## Task brief
Will you output all of the data below exactly, omitting the images?

## Data block
....................

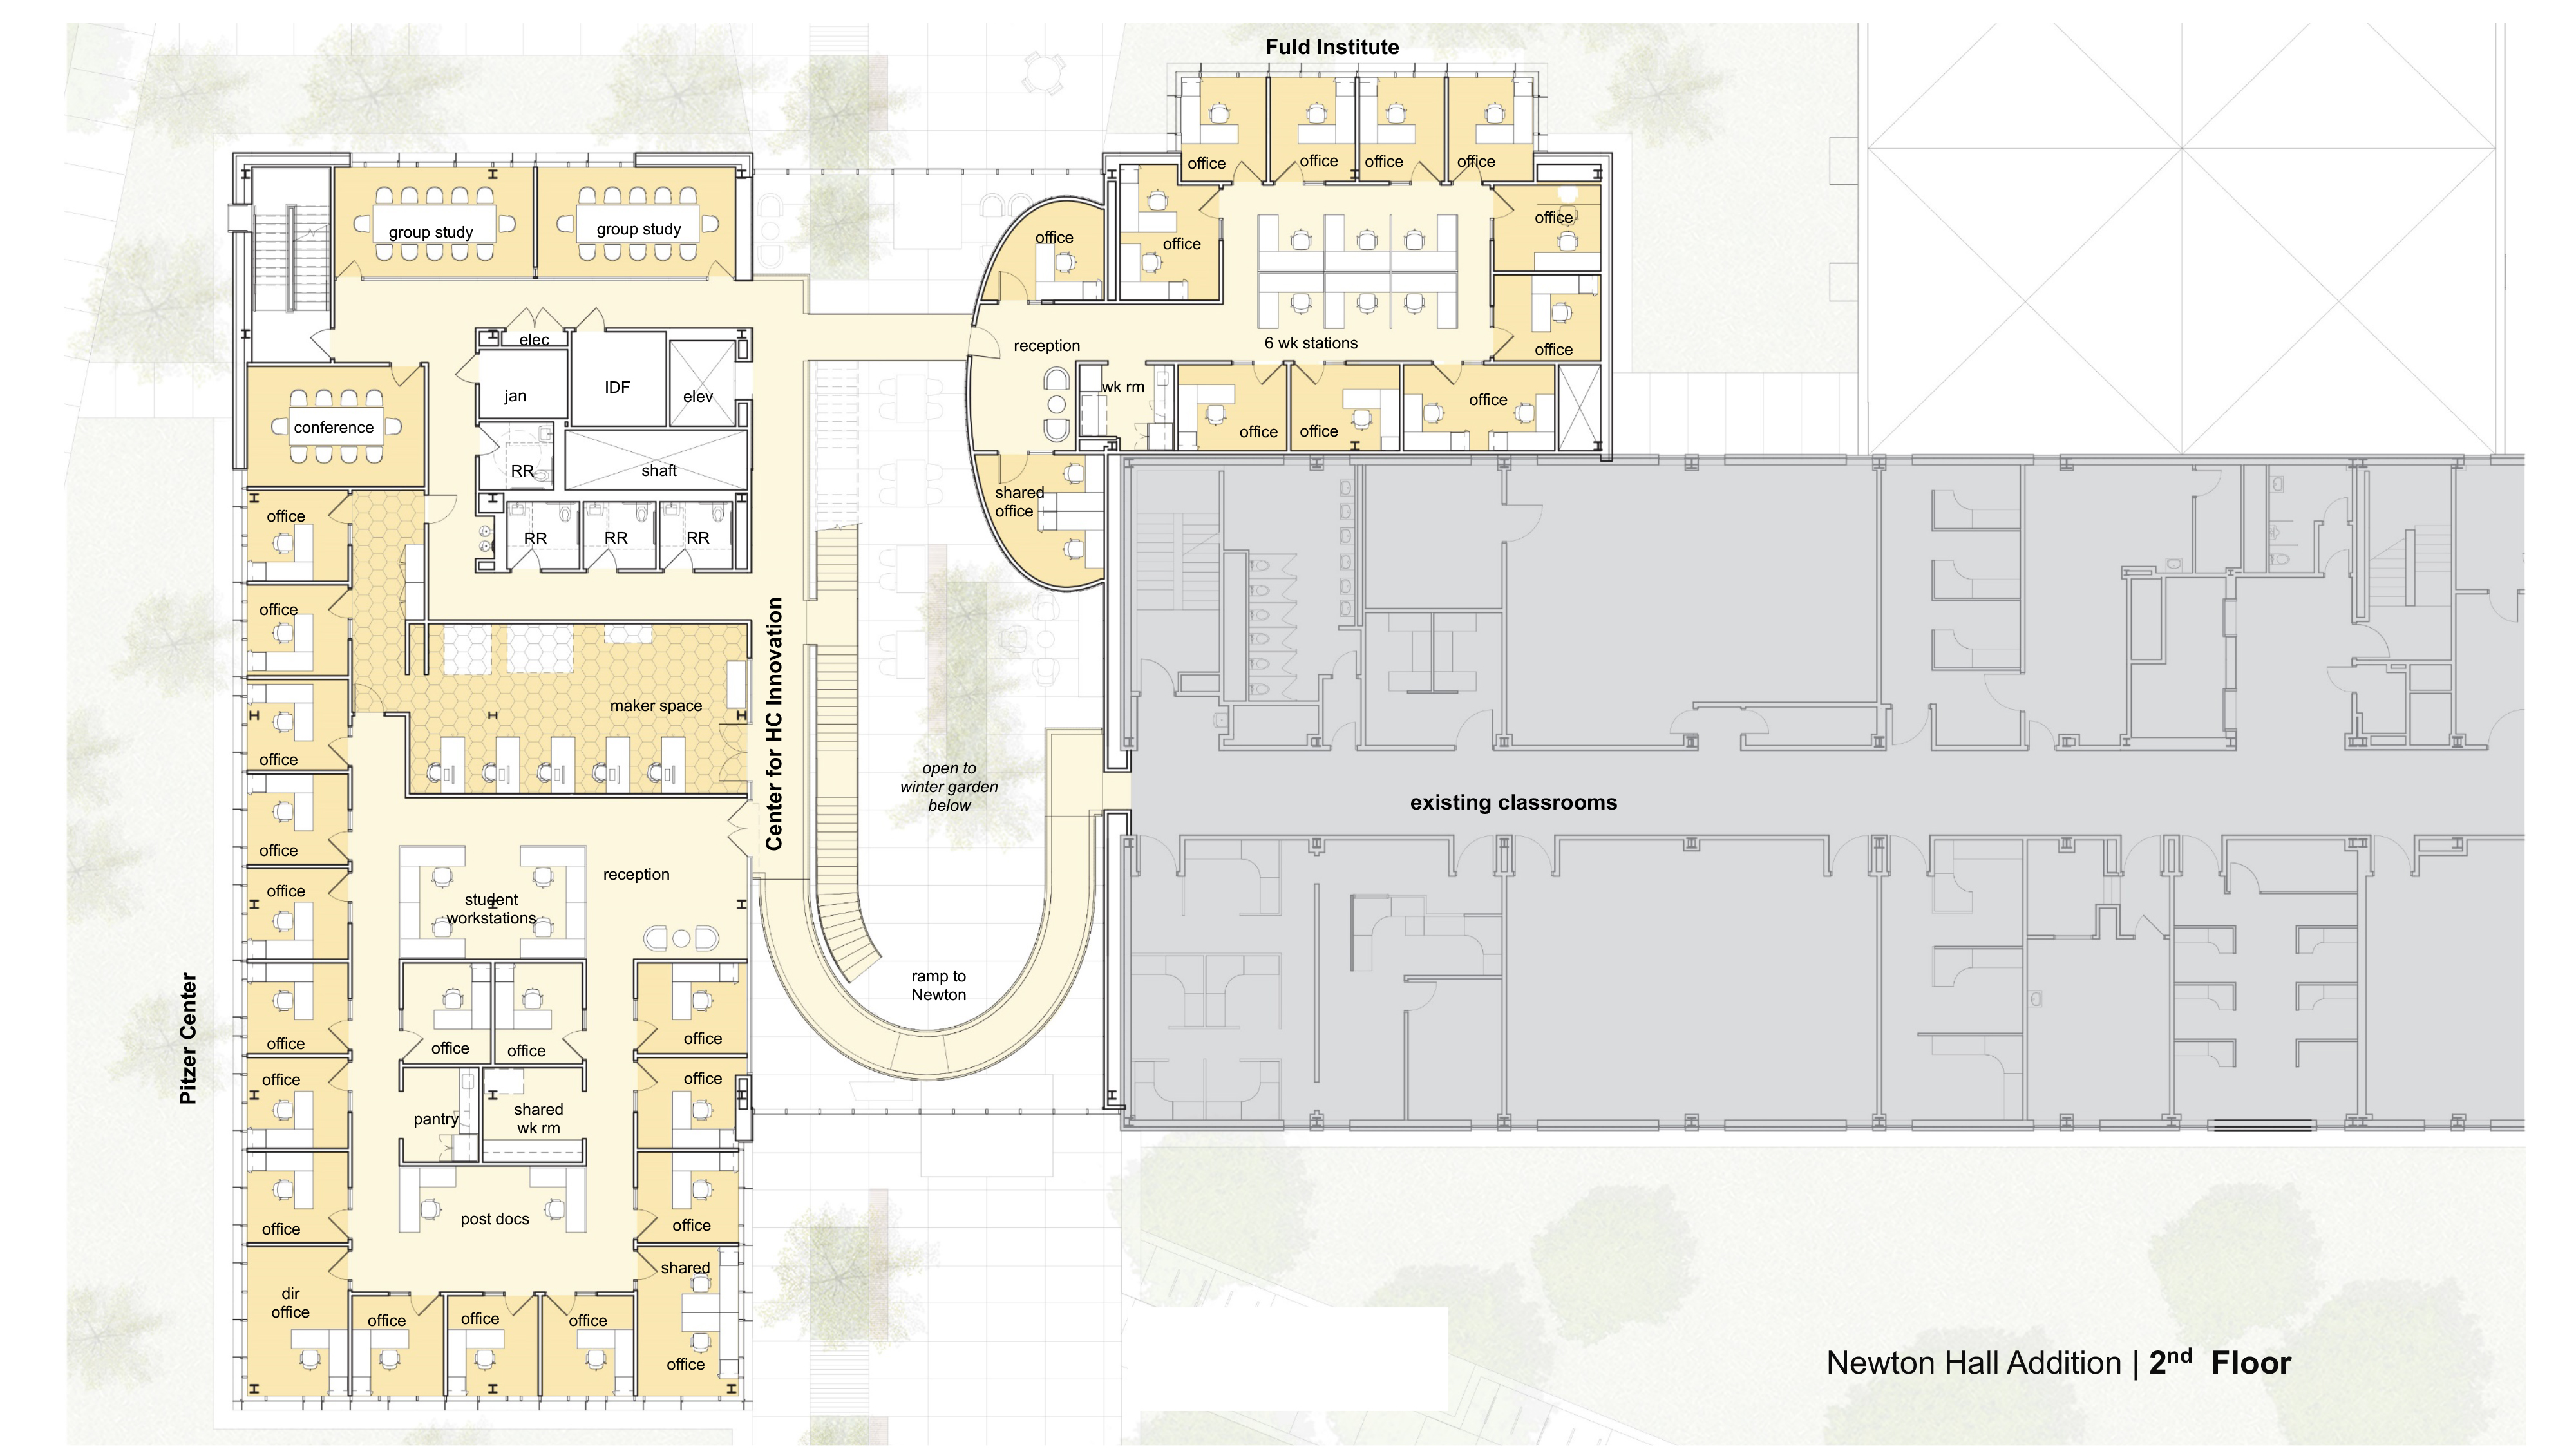 Second floor plan of Newton Hall addition
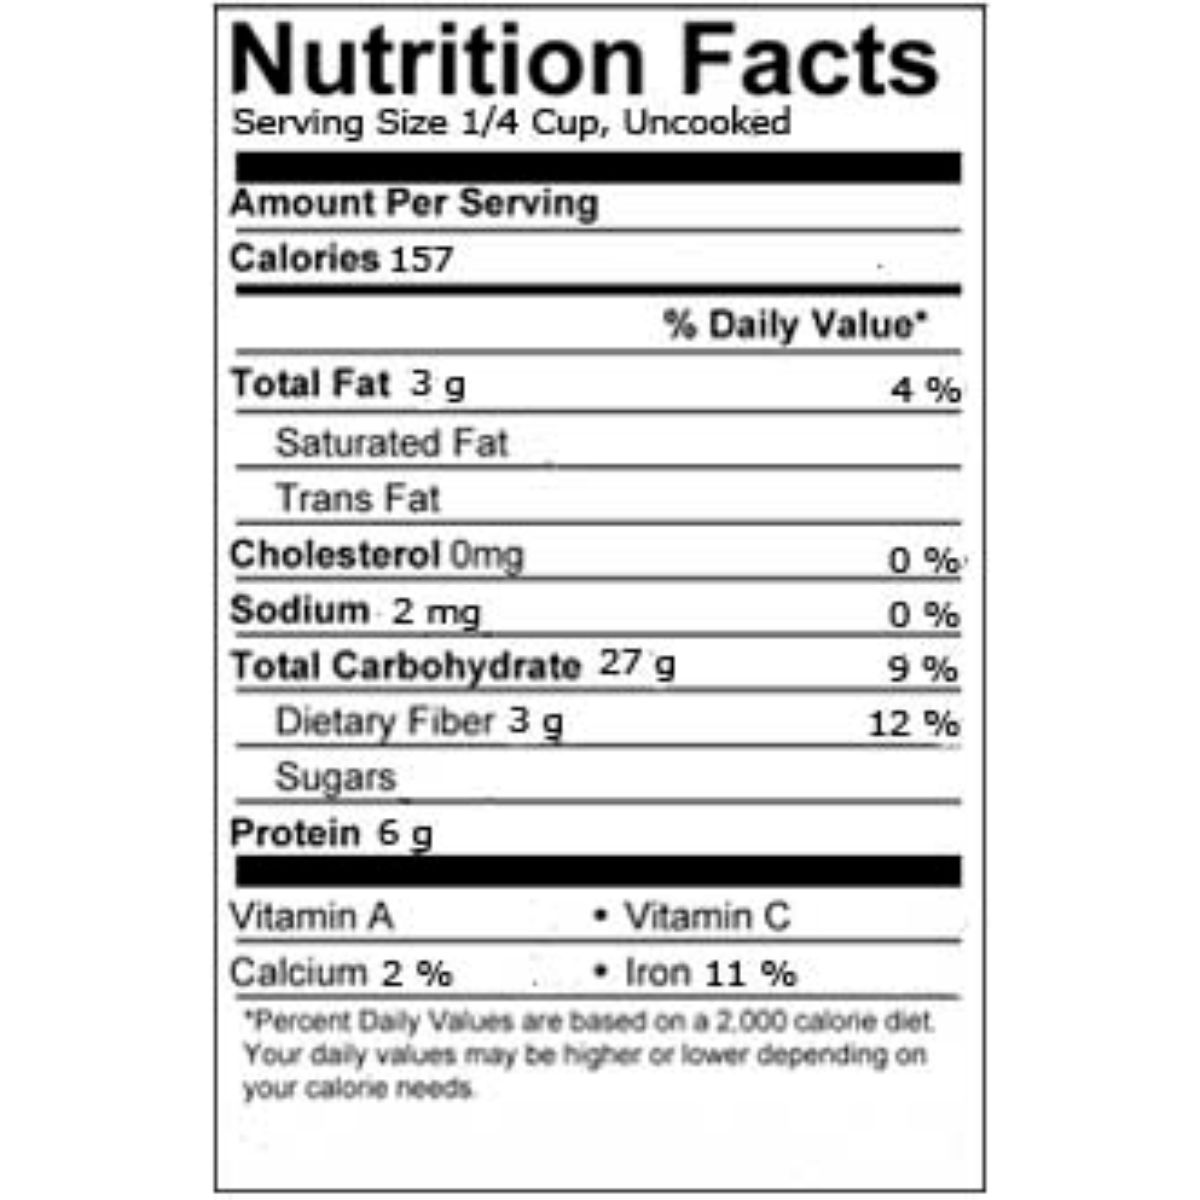 Buy Healthy Munch Quinoa Seeds 250 gms at Best Price Online
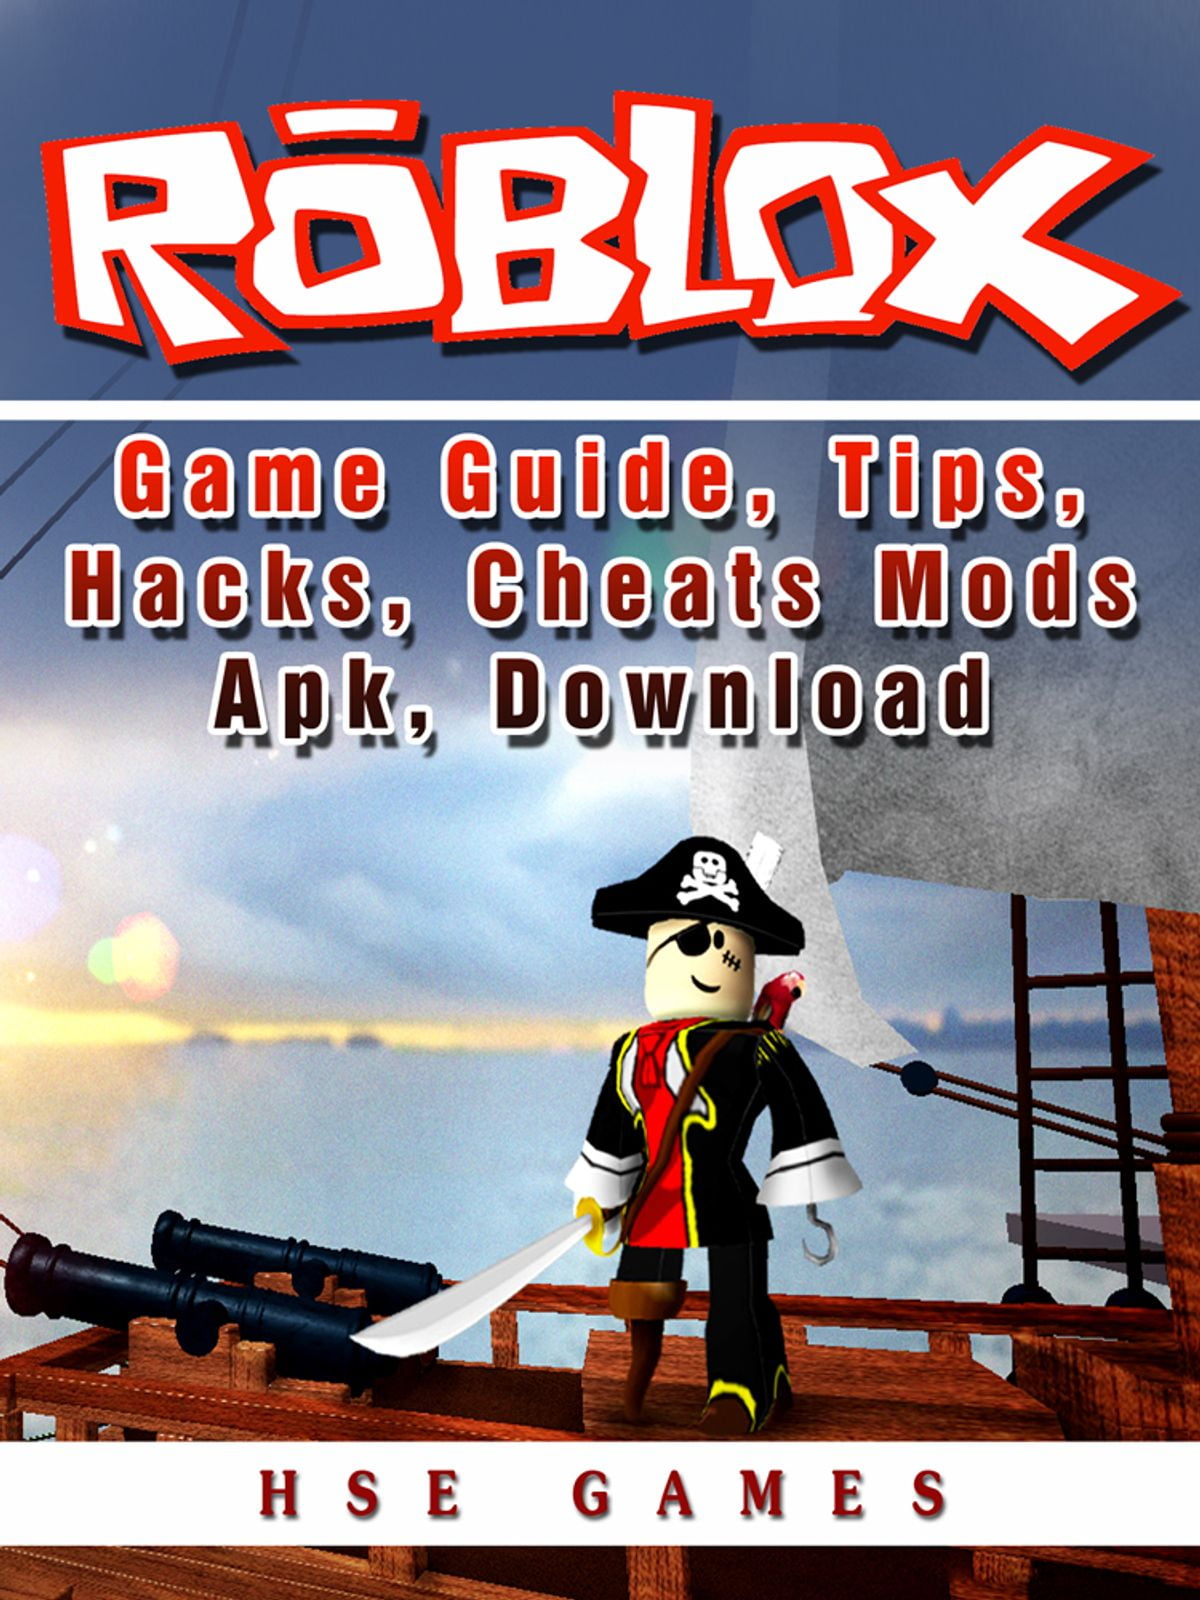 Roblox Game Guide Tips Hacks Cheats Mods Apk Download Ebook Walmart Com Walmart Com - how to hack roblox on ipad air

....................

## Result
 Second floor plan of Newton Hall addition
 Buy Healthy Munch Quinoa Seeds 250 gms at Best Price Online
 Roblox Game Guide Tips Hacks Cheats Mods Apk Download Ebook Walmart Com Walmart Com - how to hack roblox on ipad air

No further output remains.